# [SOLVED] Does a switch permit file sharing?



## Cheechat (Feb 4, 2007)

Hi - you all must see the same question so many times. I searched but couldn't find an answer. I will be connecting two computers to the internet thru a switch. Does a switch let the two computers share files?


----------



## johnwill (Sep 26, 2002)

Well, first off, what's the total network configuration? If you're trying to share an internet connection, that won't work with a simple switch. There's no issue in sharing files/printers through a switch, but it's not as simple as that. You can share files between two computers with a simple crossover cable.


----------



## Cheechat (Feb 4, 2007)

I'm using a Qwest Actiontec GT701-wg broadband modem. I just bought a 5 port switch. I'm going to connect the modem to the switch at the 'uplink' jack and two computers to the switch thru ethernet cable. The two computers are 40 feet apart. I'm starting to realize that it isn't that important to file share directly. I can just use a flash drive to transfer info, or unplug my external hard drive and plug it into my other computer. I was just wondering if, when I get the network set up, will my computers be able to browse each other's contents thru the switch? I've never done this before or checked out anyone else's network situation. Will my computers show another drive letter like it did when I plugged in the external hard drive? Just being curious.

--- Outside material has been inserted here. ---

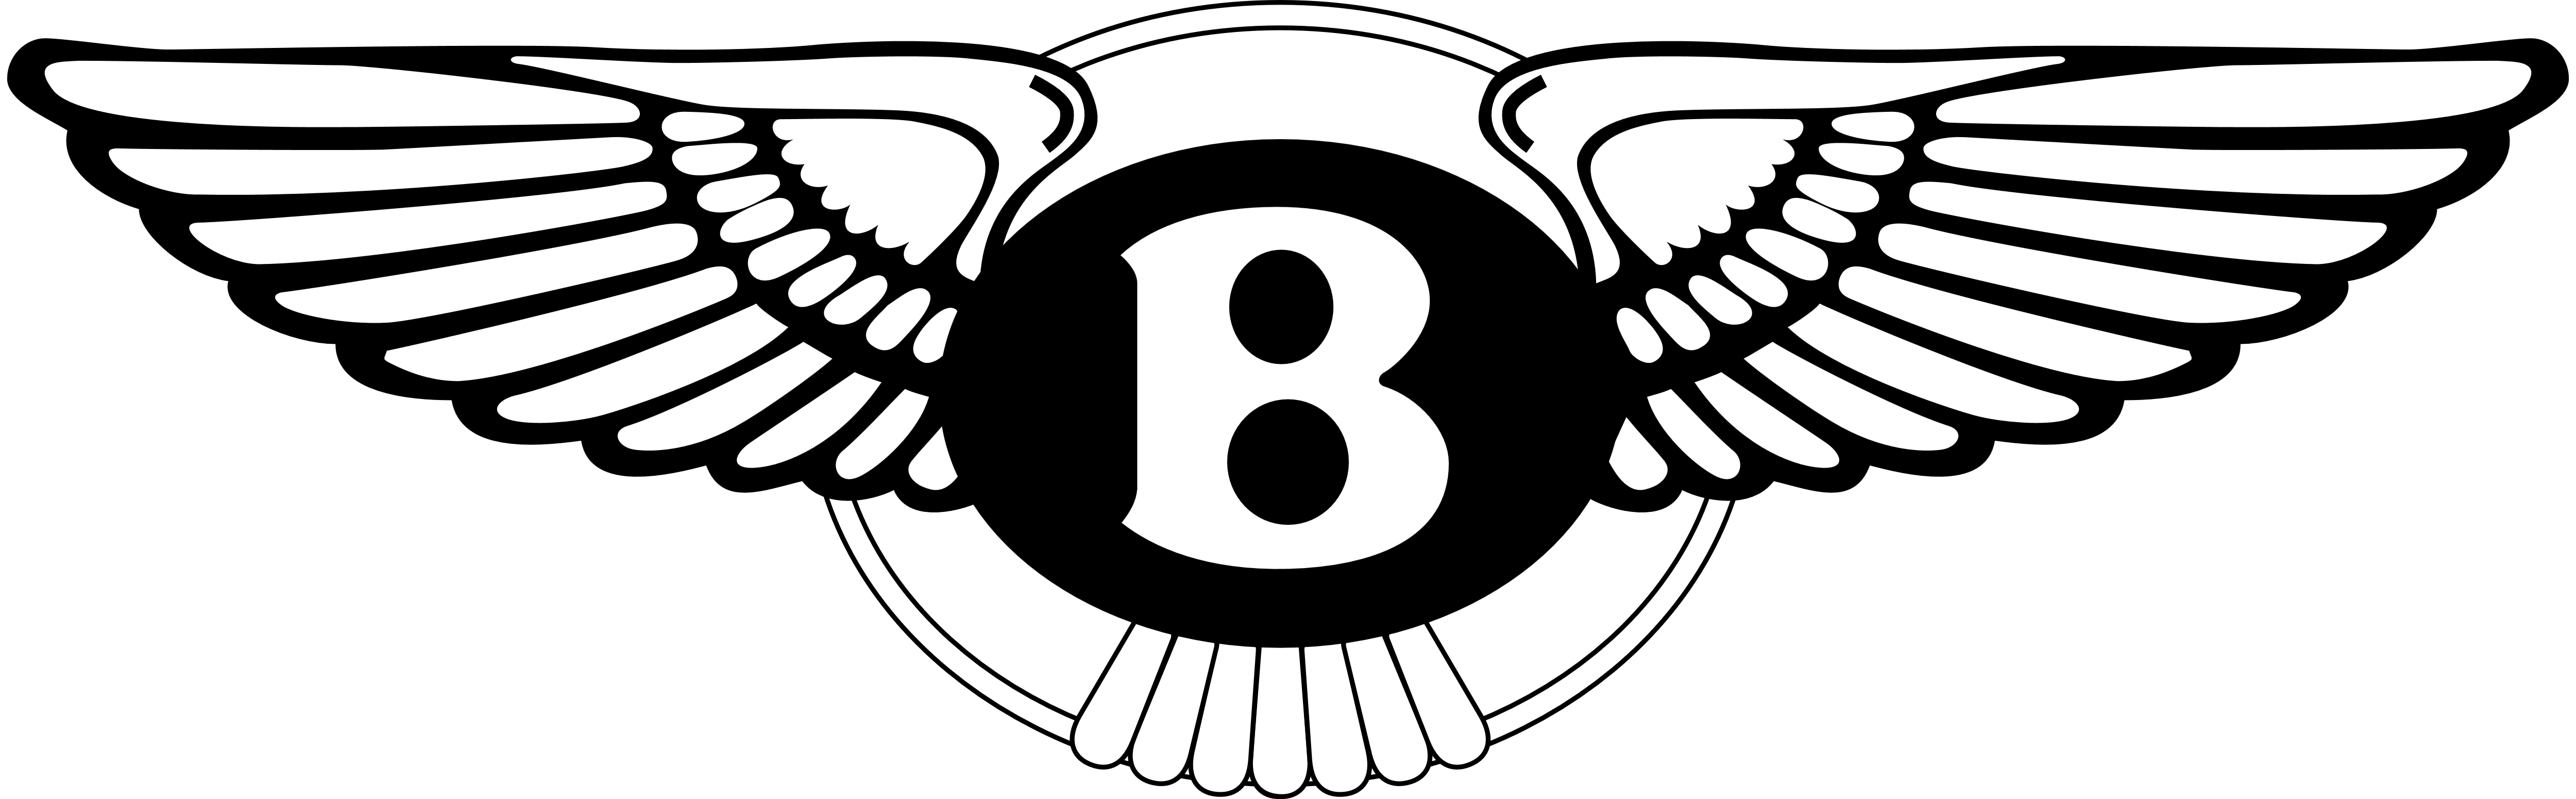 Bently Logo - Bentley – Logos Download

I'm sitting on my hands all antsy to get going tomorrow to the computer store which is closed today here in South Dakota. All I need is an ethernet card and 3 feet of ethernet cable.  It's like Christmas when I was a child. I'm really fired up about doing my first ever network.

Thank you kindly for your advice. BTW, can I import my own smiley?


----------



## johnwill (Sep 26, 2002)

It should work just fine, the switch will allow file/print sharing on the entire internal network.


----------